Thank you again for your constructive feedback on our submission. We're writing to follow up with the rebuttal, in which we aimed to address your points directly. The key updates include:

  • Controlled ablations on the pretraining objective and corpus scale.
  • Head-to-head SEQPACK vs. DCP results, particularly at high compression ratios.
  • Clarifications on the quality controls used for SEQ2FUNC.
  • Clearer framing of the novelty and reproducibility of our multi-tasking approach.

As the discussion deadline is approaching, please let us know if anything remains unclear; we are on standby to clarify. Many thanks for your time.

评论

We thank the reviewers for their engagement. Below is a summary of the improvements we made in response to your feedback.

  • Added controlled ablations disentangling pre-training recipe (MLM vs NTP) and corpus scale; results will be included in the revised manuscript [rvnr, nFBa].
  • Benchmarked SeqPack head-to-head with Dynamic Context Pruning at 50–220× compression, showing consistent AUROC gains and minimal latency overhead. [kHNe, nFBa].
  • Clarified SeqPack usage (optional, ratio = 1 preserves SNP-level fidelity) and provided computational-cost breakdown for up-to-819 k tokens (≤ 4 % inference time) [kHNe, nFBa].
  • Introduced ChatNT baseline for the sequence-to-function task; Omni-DNA yields +0.03 F1 and +0.15 MCC over ChatNT@ft while with smaller model size [kHNe].
  • Expanded disease-variant experiment with (i) benign-vs-pathogenic controls and (ii) gene-masked ablation [UqSE].
  • Reported error bars for long-range enhancer-target benchmark and confirmed 450 kbp context for all models [MarC].
  • Provided compression-ratio sweep ablation (c = 50–220) highlighting SeqPack’s robustness [MarC].
  • Re-framed Introduction & limitations to reflect prior GFM architecture exploration, multi-task literature, and context-length claims; to update lines 31-40 [MarC].
最终决定

This paper introduces Omni-DNA, a family of genomic foundation models (GFMs) that support sequence understanding, long-context reasoning, and natural-language annotation. The authors propose a holistic approach that includes architectural optimizations, a novel compression operator (SEQPACK) for handling ultra-long sequences, and a multi-task fine-tuning strategy. The model achieves state-of-the-art results on 18 out of 26 tasks from established genomic benchmarks and demonstrates strong performance in long-range regulatory tasks and sequence-to-function generation. While Reviewers rvnr initially raised valid concerns regarding the novelty of individual components and the potential information loss from the SEQPACK compression operator, the authors' extensive rebuttal and commitment to additional experiments have addressed these issues.
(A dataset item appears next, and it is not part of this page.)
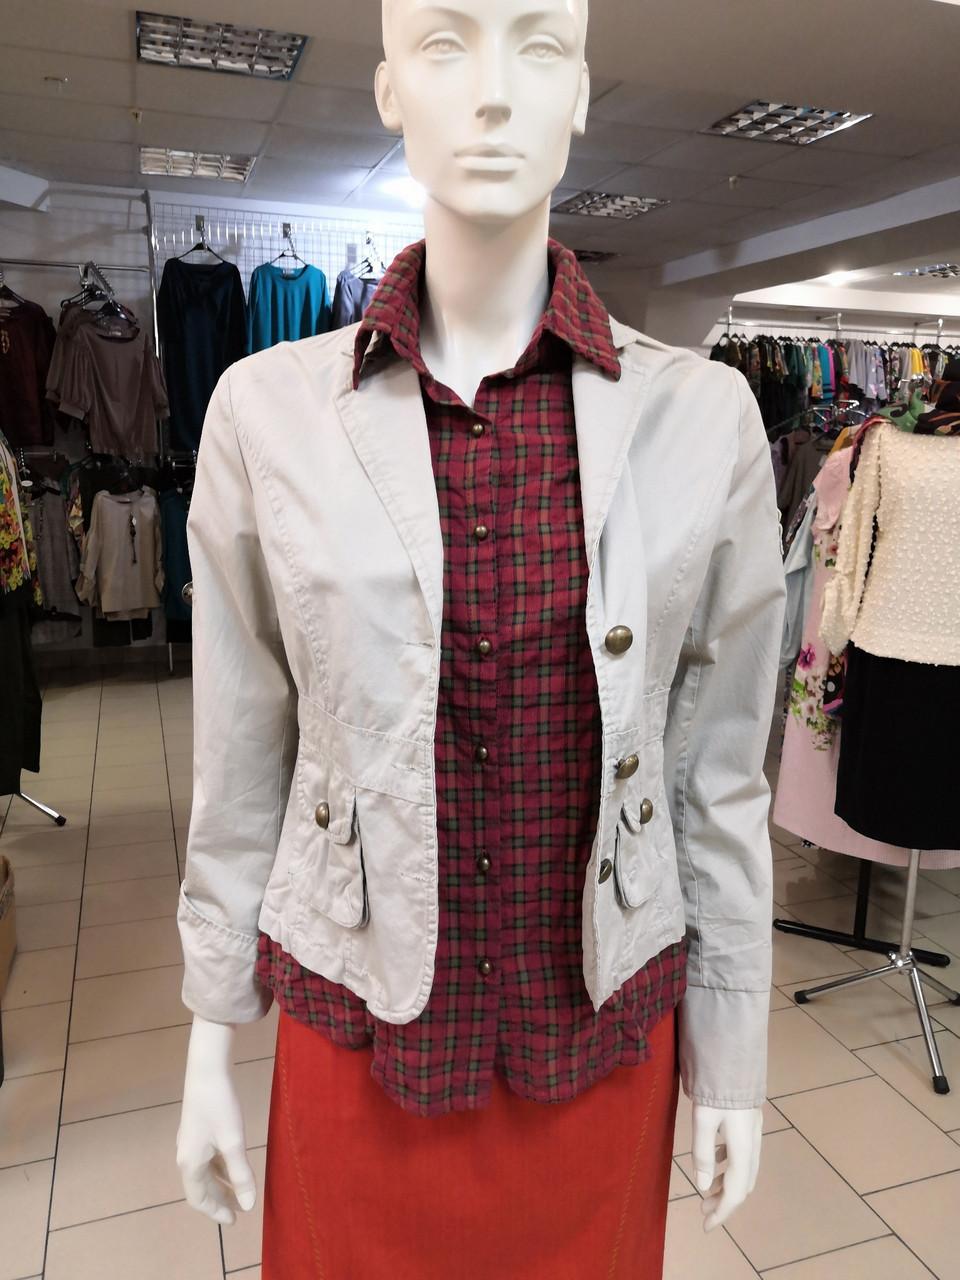 Жакет и рубашка, двойка комплект Цена за комплект 300грн акция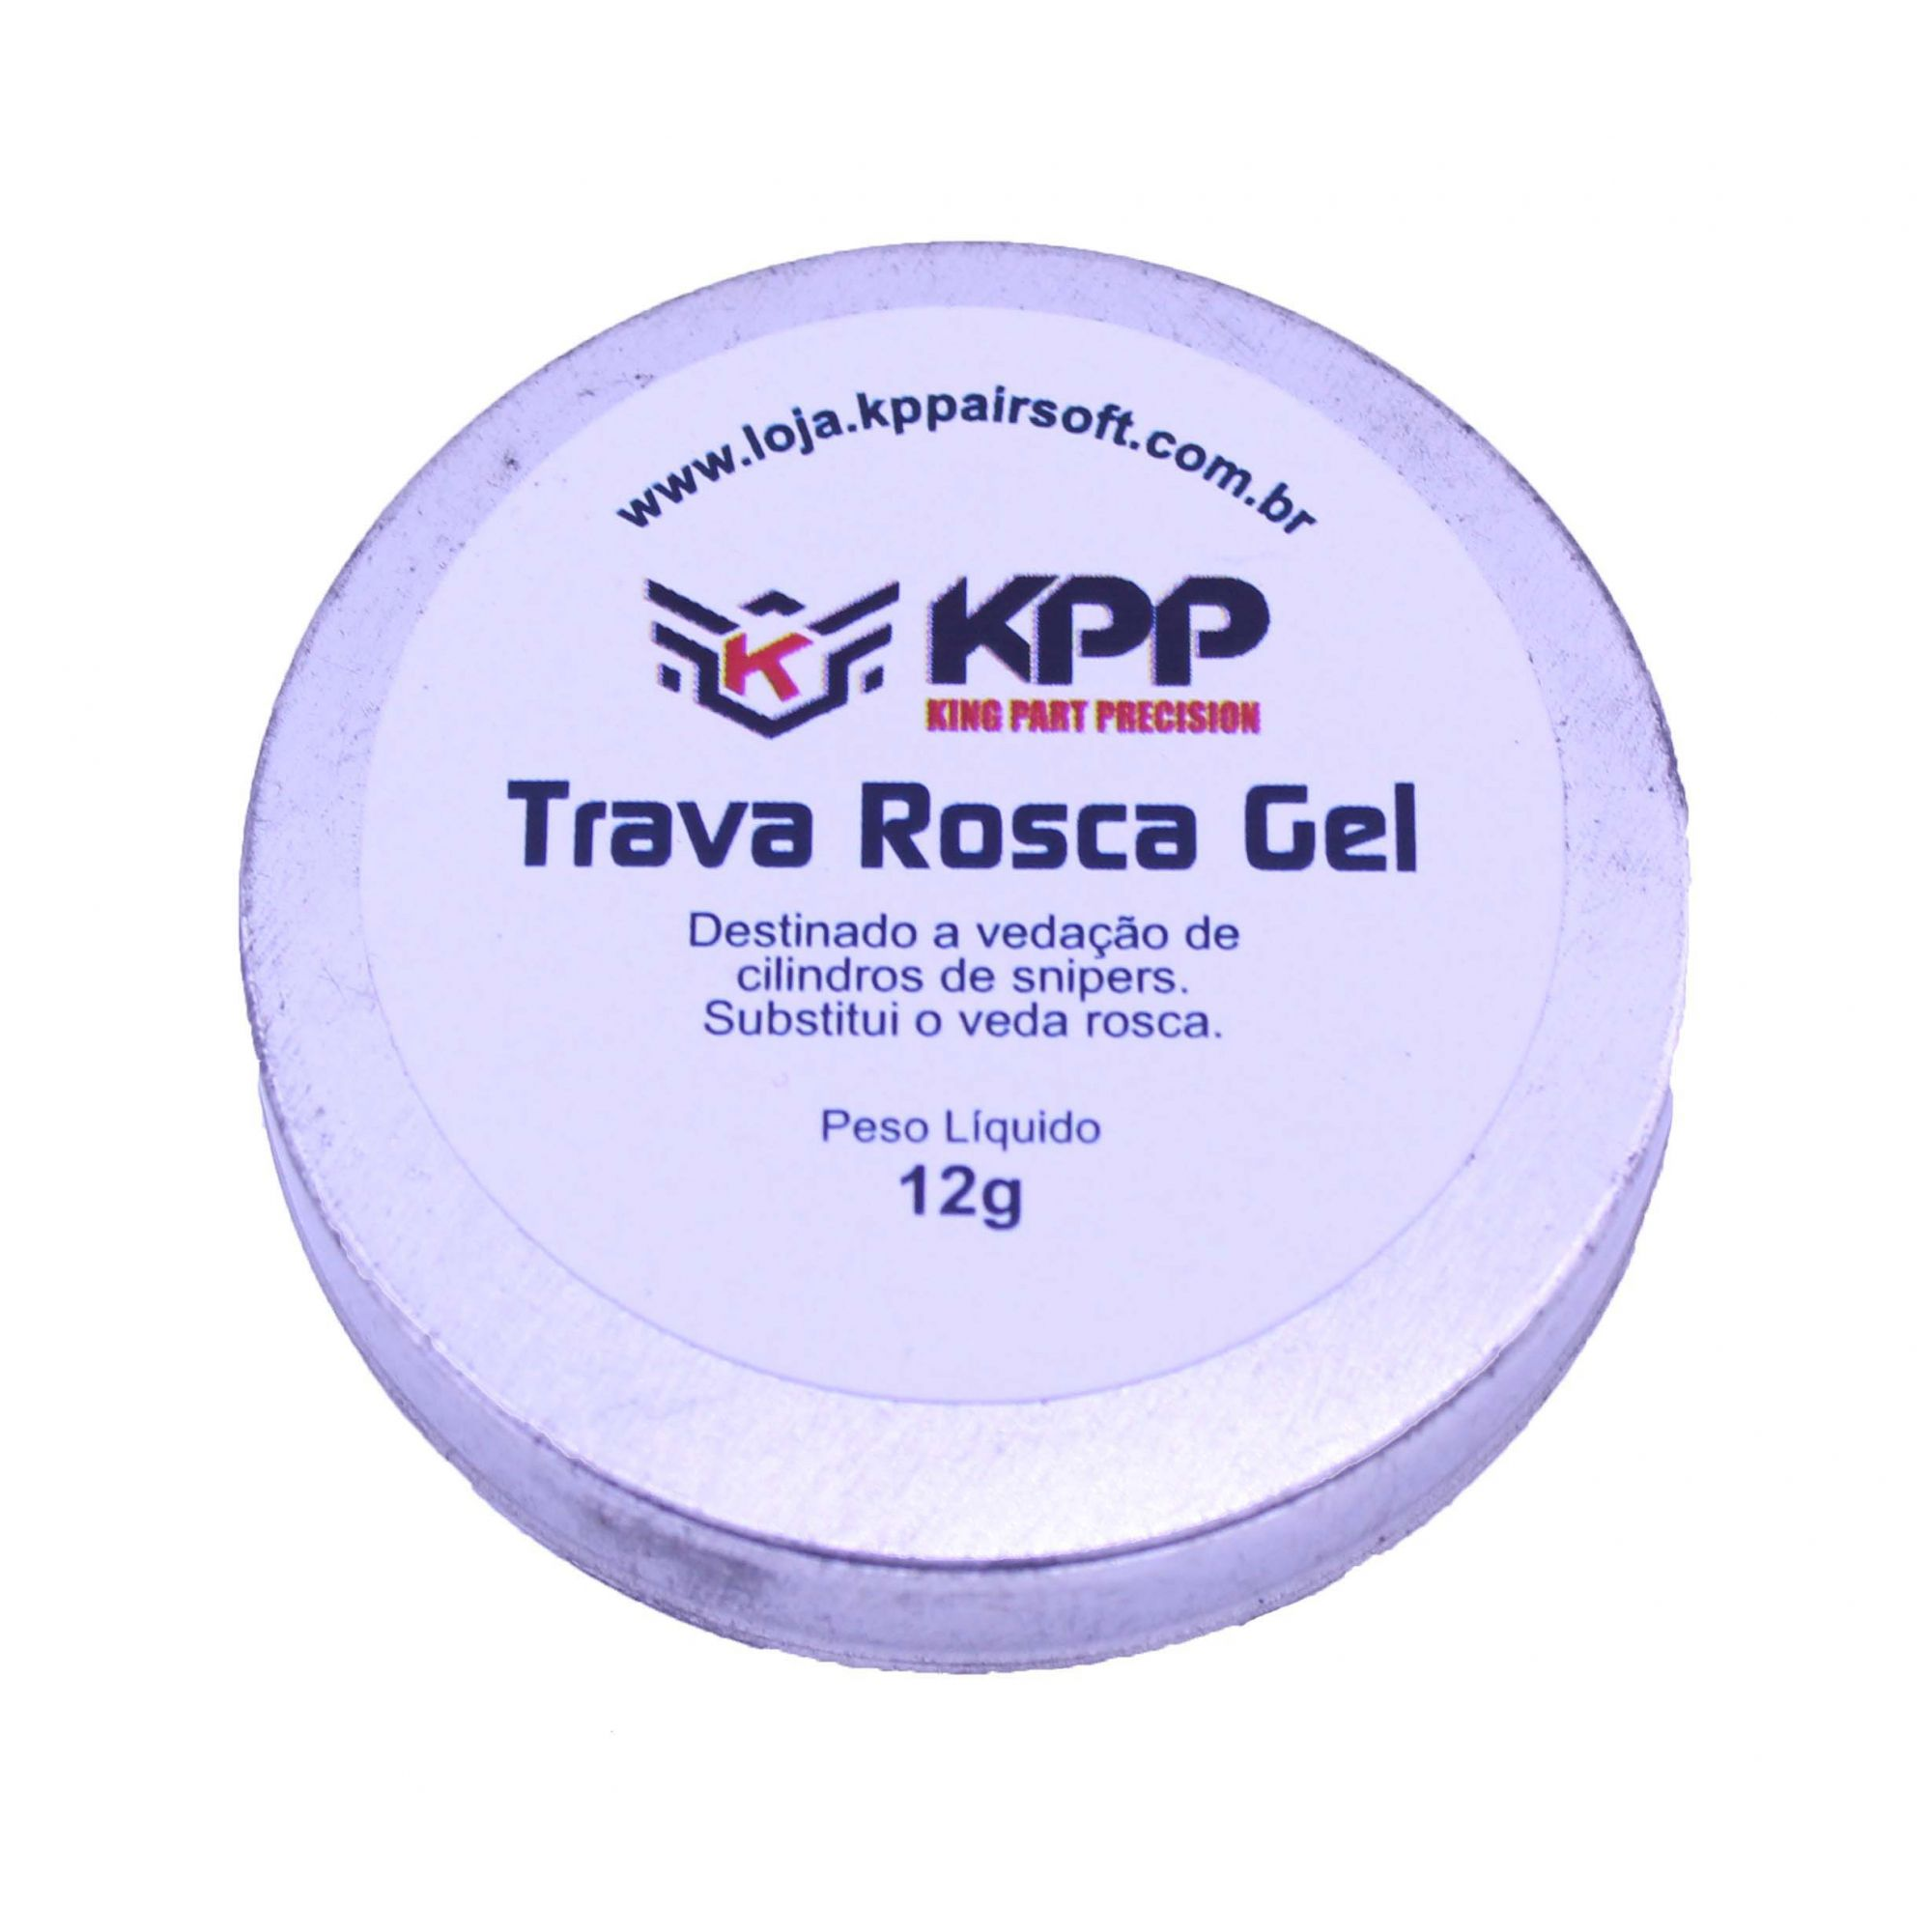 Trava Rosca Gel

The work is deemed acceptable because its holistic approach—delivering state-of-the-art performance across a wide range of tasks, enabling long-context reasoning, and introducing a novel multimodal capability—provides significant practical utility and a valuable foundation for future research. The overall strengths and the community value of the released models and benchmarks outweigh the initial reservations.